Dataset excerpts
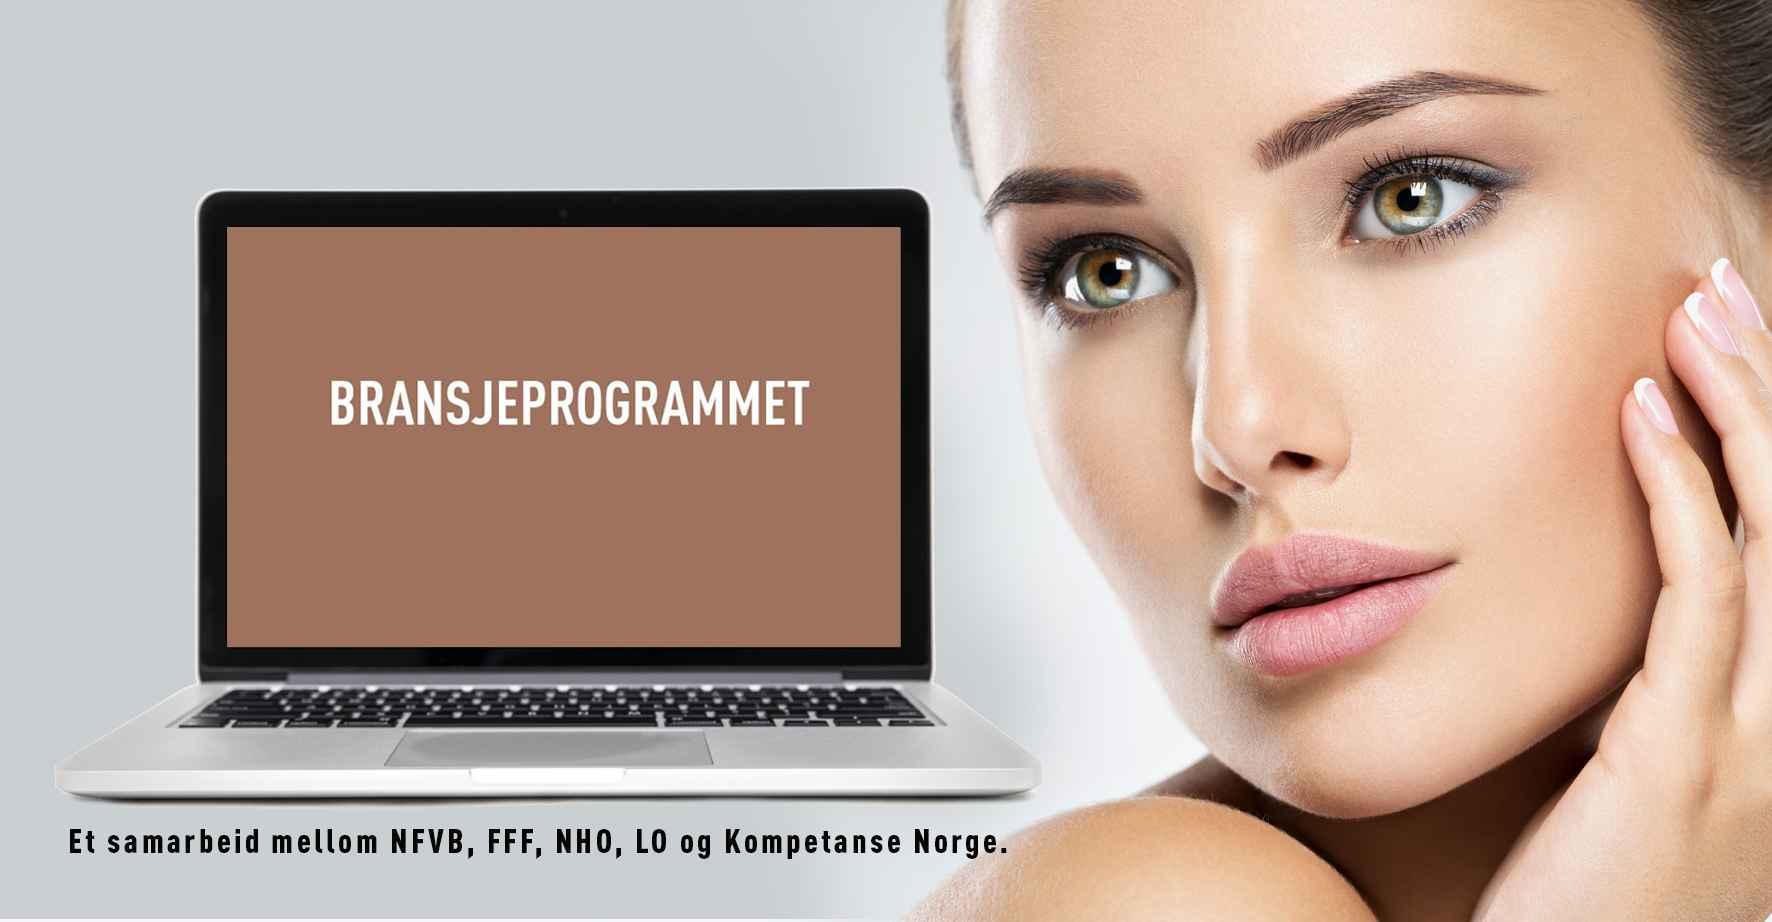 Bransjeprogrammer-hud-11 c.jpg
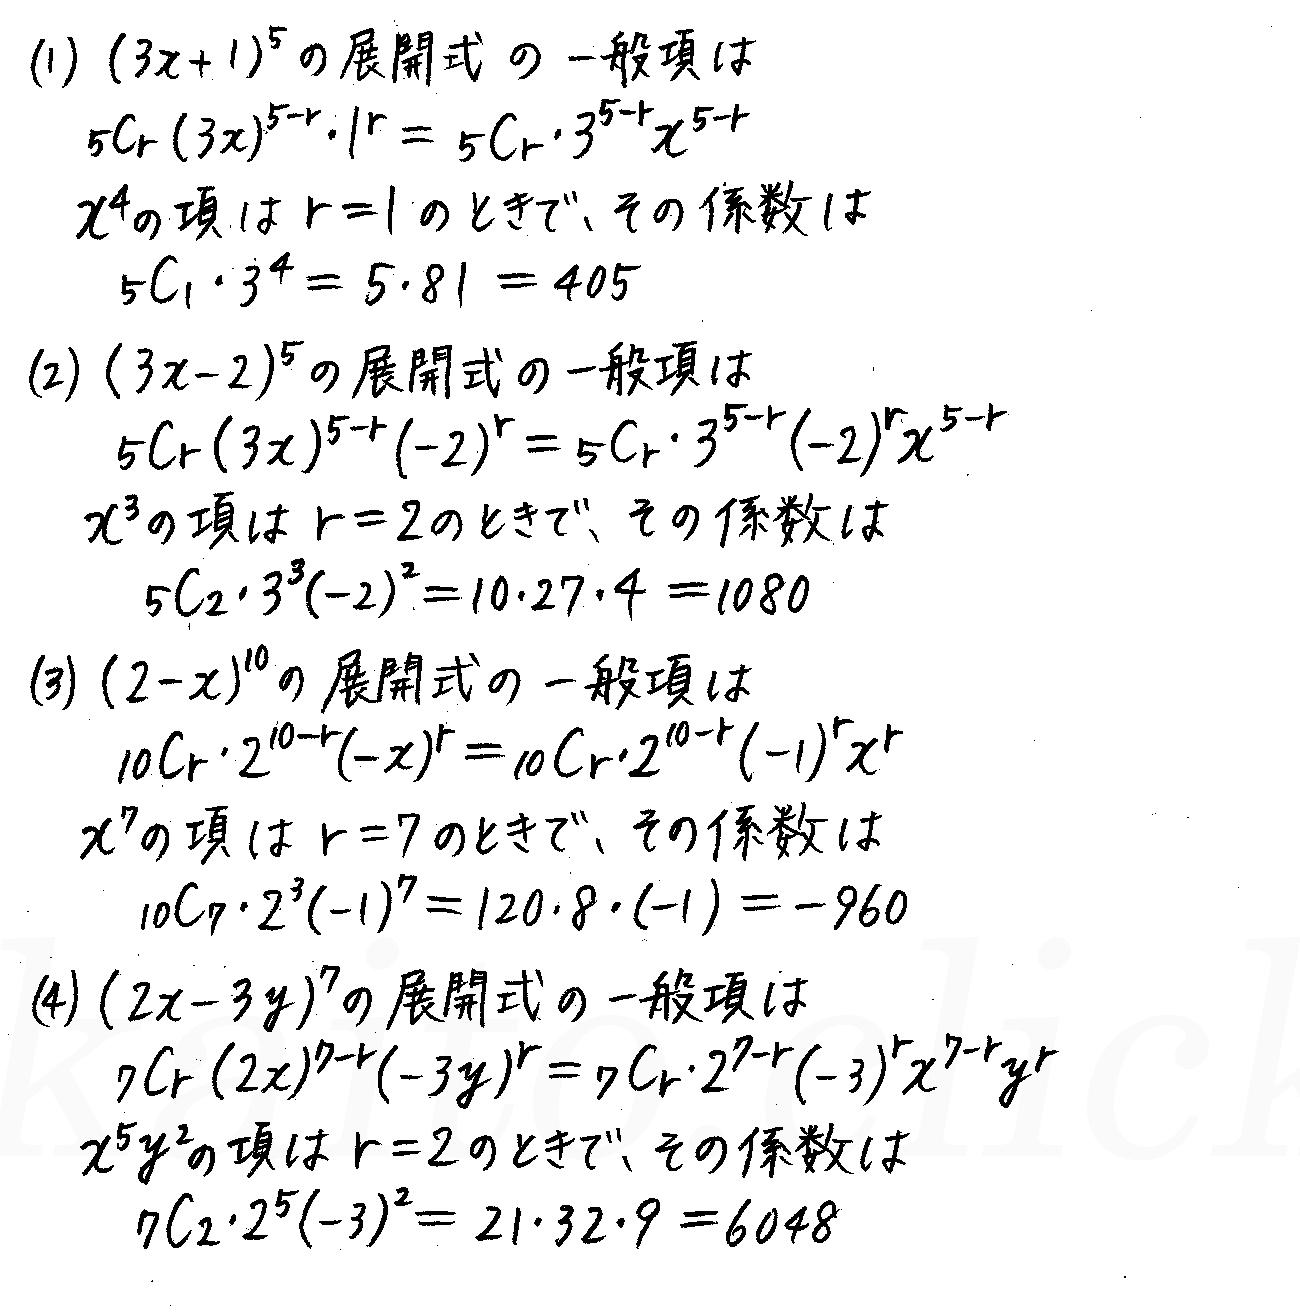 4STEP数学2-10解答
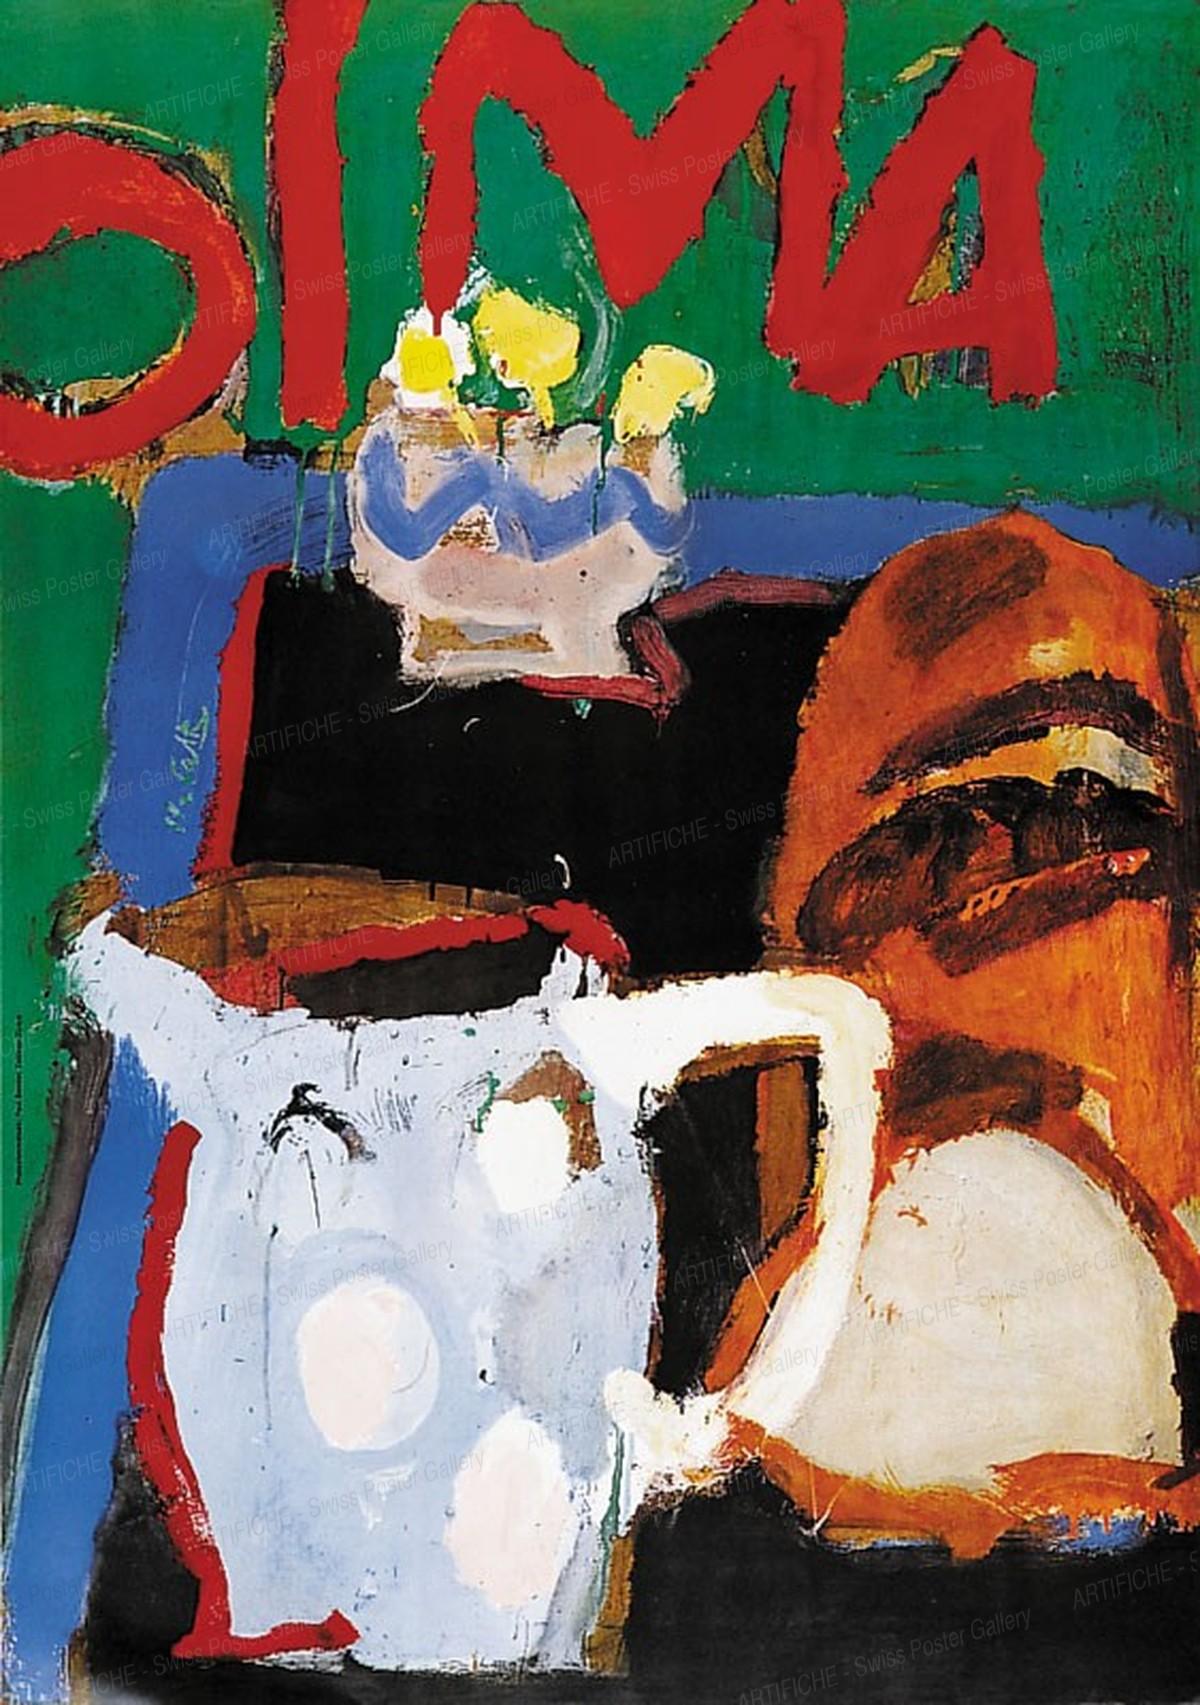 Olma 8. – 18. Oktober 1959, Hans Falk
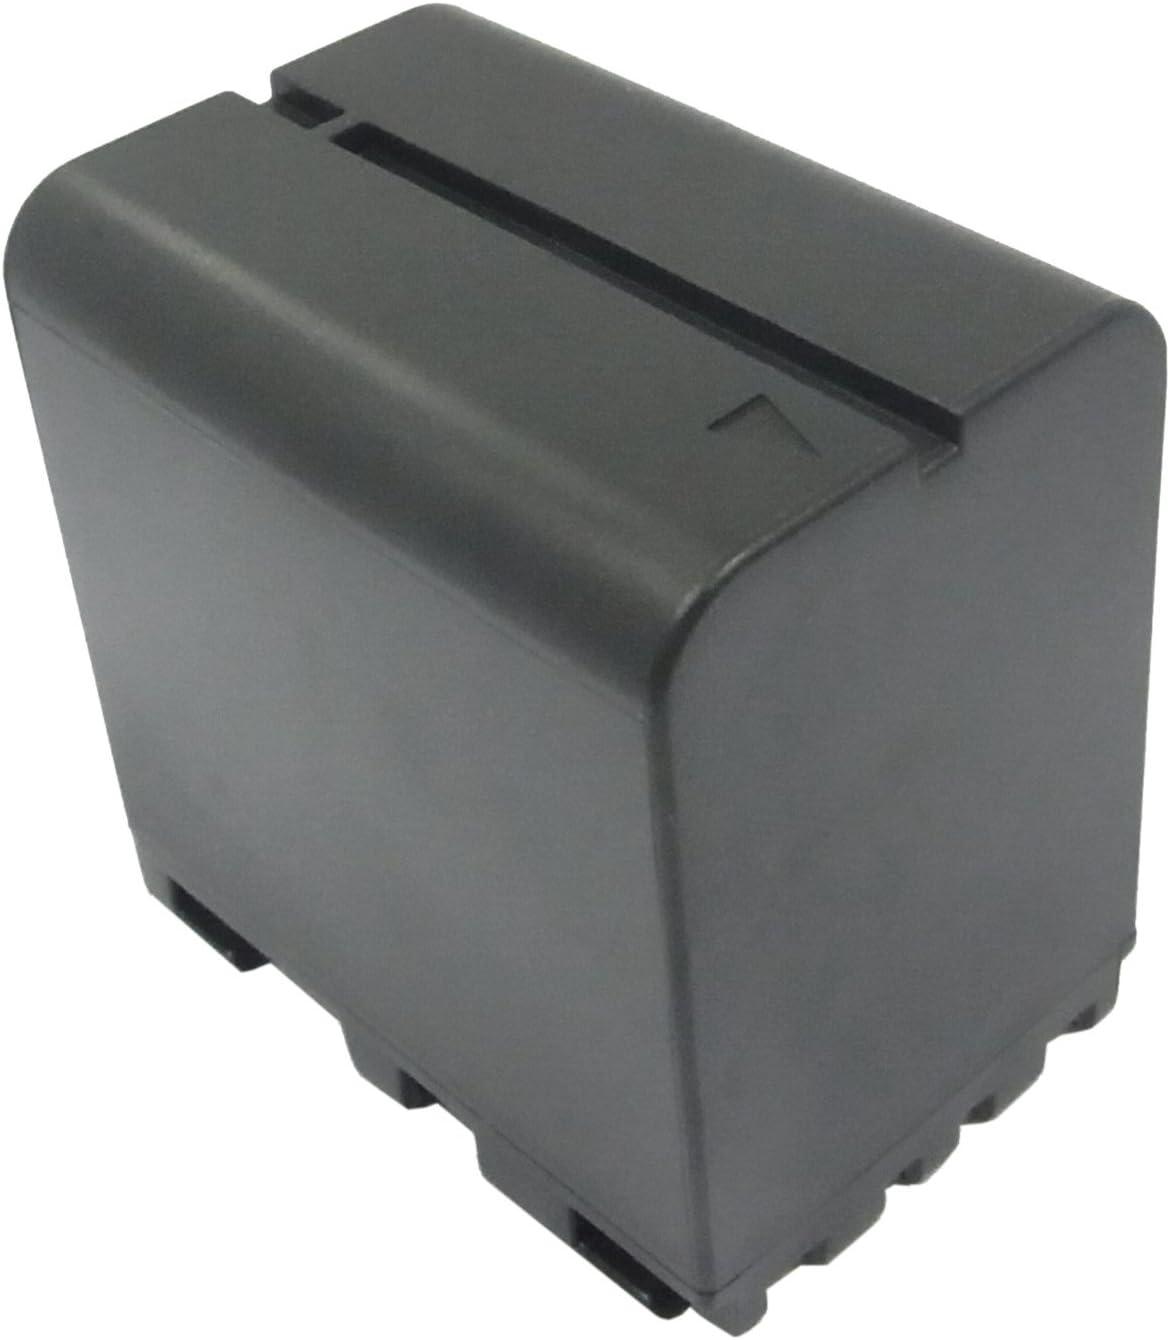 GR-DV500 Battery BN-V428U GR-DV4000 P//N BN-V428 BN-V438 3300mAh Replacement for JVC GR-DV400 GR-DV4000EK GR-DV4000US
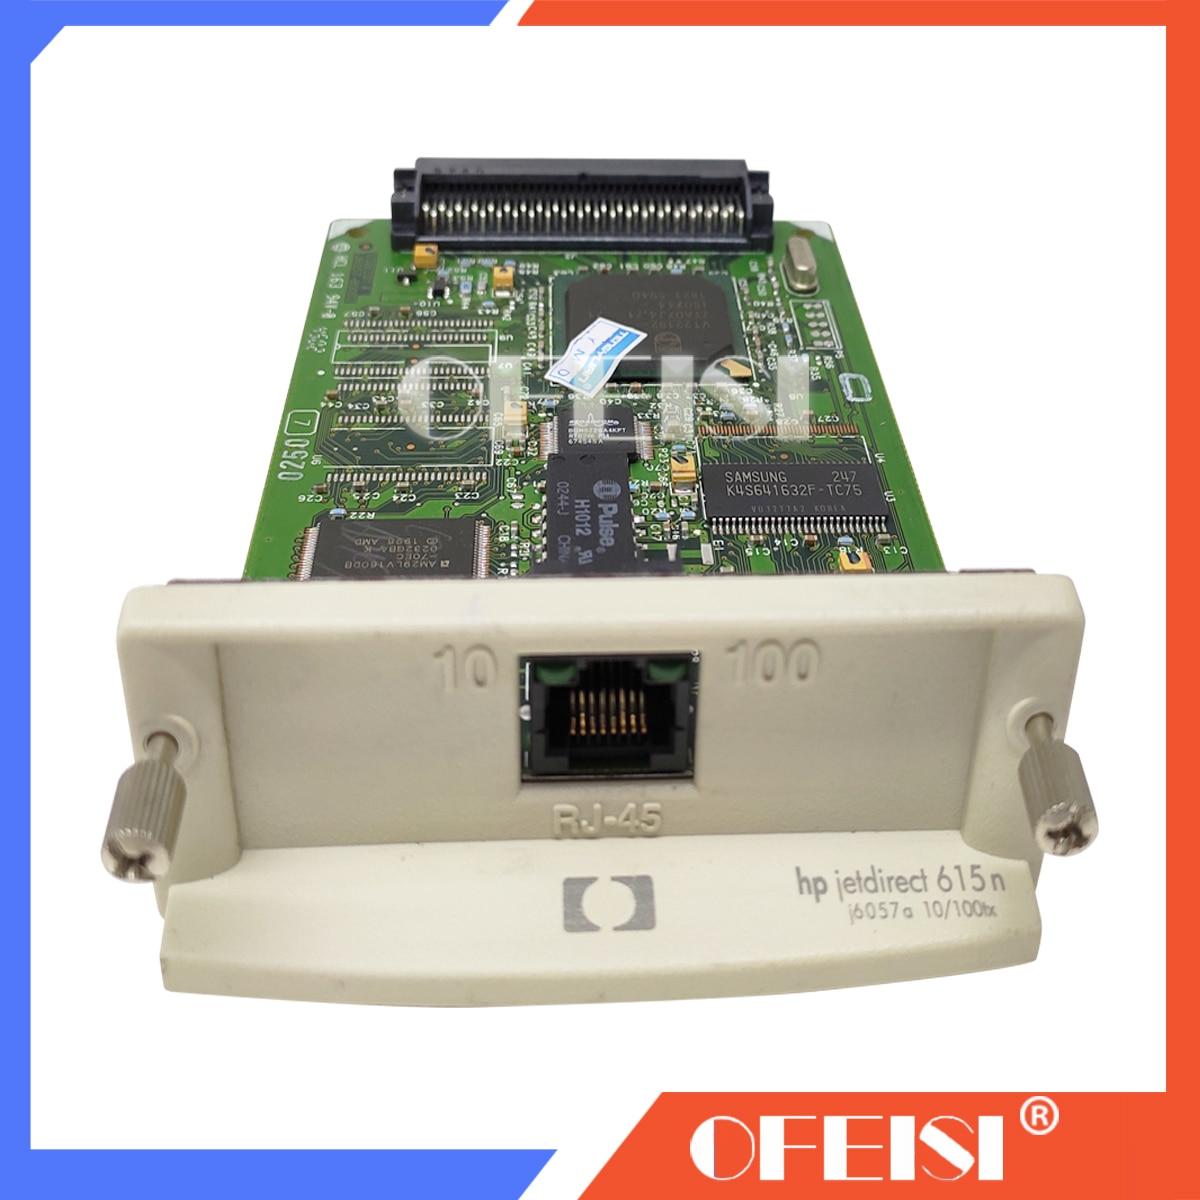 Original novo JetDirect 615N J6057A 10/100tx Ethernet Placa de Rede Do Servidor de Impressão Interno para hp impressora DesignJet de Impressora Plotter

→ TASK DESCRIPTION
An exact copy is required of the lines from the one holding "Olma 8. – 18. Oktober 1959, Hans Falk" to the end of the entries above, both included; no pictures belong in it.

→ RESULT OF THE EXERCISE
 Olma 8. – 18. Oktober 1959, Hans Falk
 GR-DV500 Battery BN-V428U GR-DV4000 P//N BN-V428 BN-V438 3300mAh Replacement for JVC GR-DV400 GR-DV4000EK GR-DV4000US
 Original novo JetDirect 615N J6057A 10/100tx Ethernet Placa de Rede Do Servidor de Impressão Interno para hp impressora DesignJet de Impressora Plotter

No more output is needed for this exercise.